In the above-described embodiment, the case where the value of the count entry is set to "1" or more is assumed to have been executed, but it may be indicated by a flag whether or not it has been executed.

[0057]

As described above, according to the differential test debug support method of the present invention, for a program whose reliability has already been assured, the test execution information is set for each statement in the coverage information storage file. However, when a change is made to the program, only the coverage information of the changed part is set to the test unexecuted state, and only the changed part's statement is executed as the test target. Alternatively, when the existing program is reused, the test of the automatically generated part or the unmodified part is omitted, and the statement of only the modified part is executed as the test target.
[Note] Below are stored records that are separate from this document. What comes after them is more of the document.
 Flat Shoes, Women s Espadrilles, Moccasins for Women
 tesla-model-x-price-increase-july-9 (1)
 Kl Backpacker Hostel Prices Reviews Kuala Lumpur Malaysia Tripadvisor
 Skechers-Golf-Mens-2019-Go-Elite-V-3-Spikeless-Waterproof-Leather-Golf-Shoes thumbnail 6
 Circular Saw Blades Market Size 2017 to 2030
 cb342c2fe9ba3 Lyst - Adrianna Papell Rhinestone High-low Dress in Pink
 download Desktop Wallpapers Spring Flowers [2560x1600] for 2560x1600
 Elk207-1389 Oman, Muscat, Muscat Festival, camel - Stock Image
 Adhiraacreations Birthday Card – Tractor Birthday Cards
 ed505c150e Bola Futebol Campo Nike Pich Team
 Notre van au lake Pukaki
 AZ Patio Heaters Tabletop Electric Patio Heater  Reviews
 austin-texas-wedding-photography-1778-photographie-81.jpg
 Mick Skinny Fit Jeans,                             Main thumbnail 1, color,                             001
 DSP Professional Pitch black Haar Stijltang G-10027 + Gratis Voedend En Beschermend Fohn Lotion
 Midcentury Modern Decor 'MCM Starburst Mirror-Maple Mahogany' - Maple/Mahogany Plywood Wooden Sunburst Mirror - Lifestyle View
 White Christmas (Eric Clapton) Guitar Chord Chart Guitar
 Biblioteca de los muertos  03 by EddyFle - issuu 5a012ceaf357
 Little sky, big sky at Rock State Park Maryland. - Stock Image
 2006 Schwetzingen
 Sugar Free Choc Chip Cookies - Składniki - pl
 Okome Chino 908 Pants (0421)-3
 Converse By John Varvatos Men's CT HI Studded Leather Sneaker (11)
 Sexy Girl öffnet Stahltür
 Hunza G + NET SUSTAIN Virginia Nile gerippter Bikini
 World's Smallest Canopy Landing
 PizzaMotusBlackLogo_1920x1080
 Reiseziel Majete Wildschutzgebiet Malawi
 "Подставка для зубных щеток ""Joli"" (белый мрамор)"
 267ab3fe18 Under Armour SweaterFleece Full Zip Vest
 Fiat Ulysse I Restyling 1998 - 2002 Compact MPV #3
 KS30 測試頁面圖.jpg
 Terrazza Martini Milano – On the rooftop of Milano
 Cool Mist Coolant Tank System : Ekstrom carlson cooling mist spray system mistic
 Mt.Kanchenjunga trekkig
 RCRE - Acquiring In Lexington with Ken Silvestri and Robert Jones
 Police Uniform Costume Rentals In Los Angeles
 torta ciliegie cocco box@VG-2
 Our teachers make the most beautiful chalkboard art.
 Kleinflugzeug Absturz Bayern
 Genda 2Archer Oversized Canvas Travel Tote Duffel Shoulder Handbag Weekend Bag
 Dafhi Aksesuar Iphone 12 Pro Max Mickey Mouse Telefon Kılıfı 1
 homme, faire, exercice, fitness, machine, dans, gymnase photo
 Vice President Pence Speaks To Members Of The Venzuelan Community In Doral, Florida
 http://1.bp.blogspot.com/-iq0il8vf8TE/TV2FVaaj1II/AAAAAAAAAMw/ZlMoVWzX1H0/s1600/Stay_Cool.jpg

As a result, it is possible to improve the efficiency of the test work when the program is automatically generated or the existing program is reused.

[Brief description of drawings]

FIG. 1 is a schematic configuration diagram of a computer system that implements the present invention.

FIG. 2 is a flowchart showing a processing procedure in the first embodiment of the present invention.

FIG. 3 is a functional schematic diagram showing a system configuration for realizing the first embodiment.

FIG. 4 is an explanatory diagram showing a structural example of a coverage information storage file.

FIG. 5 is an explanatory diagram showing a structural example of a master table.

FIG. 6 is an explanatory diagram showing a structure example of a count table.

FIG. 7 is an explanatory diagram showing an example of a source program.

8 is an explanatory diagram showing an example of a count table of coverage information storage files for the source program of FIG. 7. FIG.

FIG. 9 is an explanatory diagram showing an example of a corrected source program.

10 is an explanatory diagram showing an example of a count table of coverage information storage files for the source program of FIG.

FIG. 11 is an explanatory diagram showing an example of a count table after a test is executed.

FIG. 12 is a flowchart showing a processing procedure in the second embodiment of the present invention.

[Explanation of symbols]

201 ... Source program, 205 ... Coverage information storage file, 206 ... Execution count setting process step, 21
2 ... Test execution step, 401 ... Master table, 4
02 ... Count table, 606, 607 ... Count entry.

Front Page Continuation (72) Inventor Yosuke Morioka 12 890 Kashimada, Saiwai-ku, Kawasaki-shi, Kanagawa 12 Information Systems Development Division, Hitachi, Ltd.

Claims (1)

[Claims] 1. A coverage information storage file is provided for an existing completed or semi-completed program, and after the test execution information is set for each command statement in this coverage information storage file, the program is changed. Is a differential test debugging support method characterized in that only the coverage information of the changed portion is set to the test non-execution state, and only the statement of the changed portion is executed as the test target.